Cherry Bounce is a type of liqueur made by infusing brandy with sour Morello cherries and sugar. Some recipes use rum, whiskey or vodka instead of brandy.

Origins and etymology 
The English hamlet of Frithsden claims to have originated the Cherry Bounce. A lane leading off the Old High Street in nearby Hemel Hempstead is named Cherry Bounce and is shown having had this name in maps dating back to the early 19th century.

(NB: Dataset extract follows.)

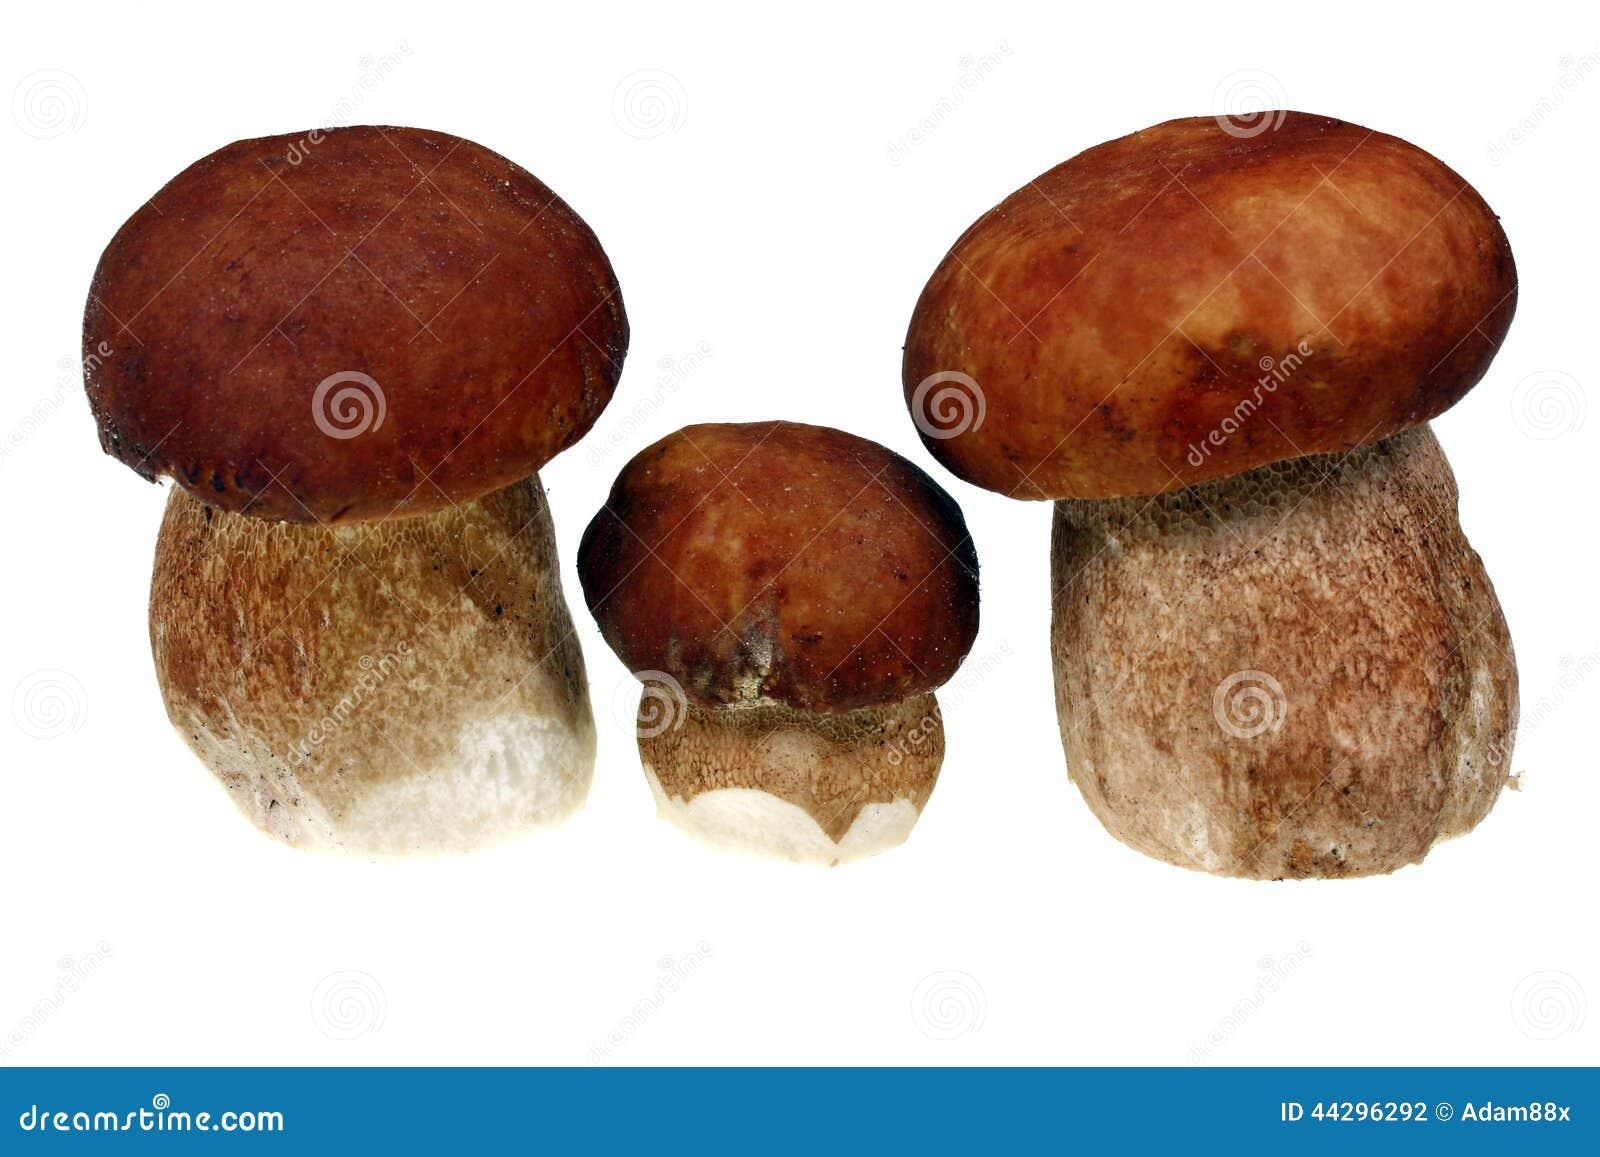 Three mushroom boletus

The drink, however, is at least a century older. "Cherrybounce" is recorded as an individual's nickname in a House of Lords report in 1670.

The name of the drink may derive from an 18th century definition of the term bounce which meant a "sharp blow". The name of the drink would thus impart a meaning similar to the modern term "shot".

Preparation and history 
Early English recipes called for the use of brandy, while later recipes introduced substitutions for both the alcohol and sweetener used.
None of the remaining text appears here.